The main disadvantages of QDs are due to their composition of heavy metals (e.g., Cd, Pb, and Se which are known to be toxic to vertebrate systems at parts-per-million concentrations (Hardman 2006)) and the instability of uncoated QDs when exposed to UV radiation which leads to the release of heavy metal ions. For example, the free cadmium in solution can bind to sulfhydryl groups of critical mitochondrial proteins. Thiol group inactivation then leads to oxidative stress and mitochondrial dysfunction (Rikans and Yamano 2000). The instability of QDs under UV exposure is due to the fact that the energy of UV radiation is close to that of covalent chemical bonds, therefore UV exposure can dissolve the semiconductor particles in a process known as photolysis, which releases toxic ions such as cadmium ions (Nie et al. 2007). For example, under oxidized (30 min exposure to air) or long UV radiation (2-8 h) conditions, even QD concentrations of 0.0625 mg/mL were found to be highly toxic (Derfus et al. 2004). The mechanisms of oxidation of Cd-based QDs have been suggested to occur via either TOPO-mediated or UV-catalyzed surface oxidation resulting in the removal of surface atoms and release of Cd2+ ions (Derfus et al. 2004).
Generally, QD toxicity depends on the effects of multiple factors from both individual QD physicochemical properties and environmental conditions. It has been shown that QD size, charge, concentration, outer coating bioactivity (i.e., capping material, functional groups, etc.), and oxidative, photolytic as well as mechanical stability are factors that determine QD toxicity (Hardman 2006). For example, investigators have tested the toxicity of CdSe QDs in liver cultures and found that it was dependent on processing parameters during synthesis, exposure to ultraviolet (UV) light, and surface coatings (Derfus et al. 2004). The CdSe (core only, no shell) QDs were found to be noncytotoxic under standard conditions of synthesis and water-solubilization with mercaptoacetic acid (MAA). However, TOPO-coated QDs, which were initially subjected to air for 30 min and then modified with MAA, showed a dramatic dose-dependent decrease in primary hepatocyte viability (from 98 to 21% at a QD concentration of 62.5 mg/mL). These researchers also capped CdSe QDs with 1-2 monolayers of ZnS to study the effect of capping on cytotoxicity. They found that the CdSe core was intact after 12 h of oxidation in air. However, high levels of free Cd in solution (~40 ppm) after 8 h of UV photooxidation (power density of 15 mW/cm2 preceded by 12 h of oxidation in air) were observed.
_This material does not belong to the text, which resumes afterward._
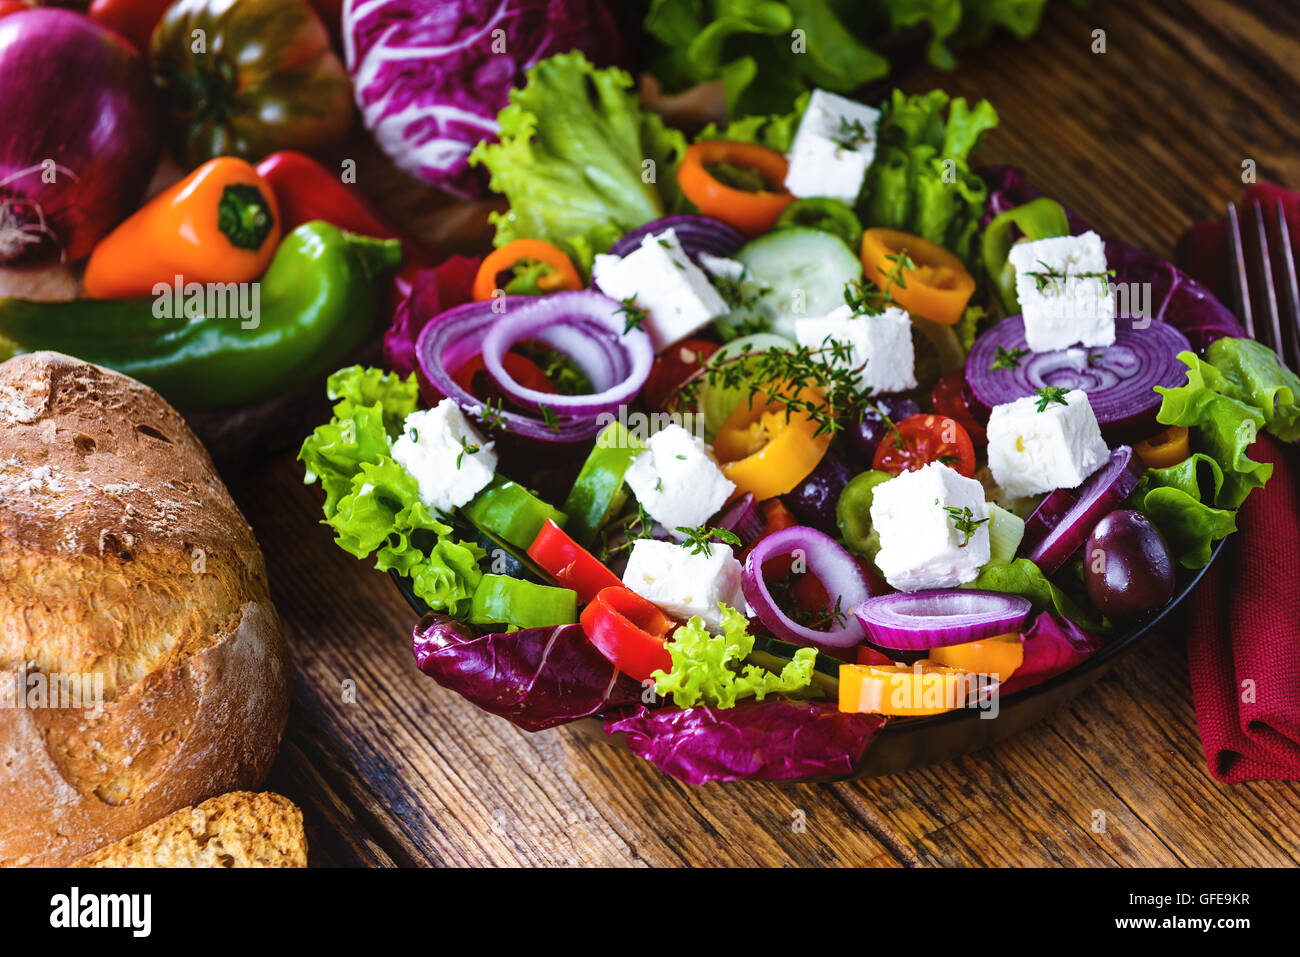 Crisp spring salad with feta cheese, full of vitamins and colors. Greec Salad on vintage table Stock Photo

This finding indicates that ZnS capping was effective in eliminating cytotoxicity due to oxidation by air, but did not fully eliminate cytotoxicity induced by UV photooxidation.
To overcome those cytotoxicity problems, QDs have been coated with PEG or encapsulated in micelles (i.e., vesicles formed by aggregation of surfactant molecules dispersed in a liquid colloid), which can limit the release of toxic metals in response to UV light exposure (Gao et al. 2004, 2005; Dubertret et al. 2002; Stroh et al. 2005). More work is still needed to develop optimal coatings and, thus, encapsulation that prevents the release of heavy ions from QDs.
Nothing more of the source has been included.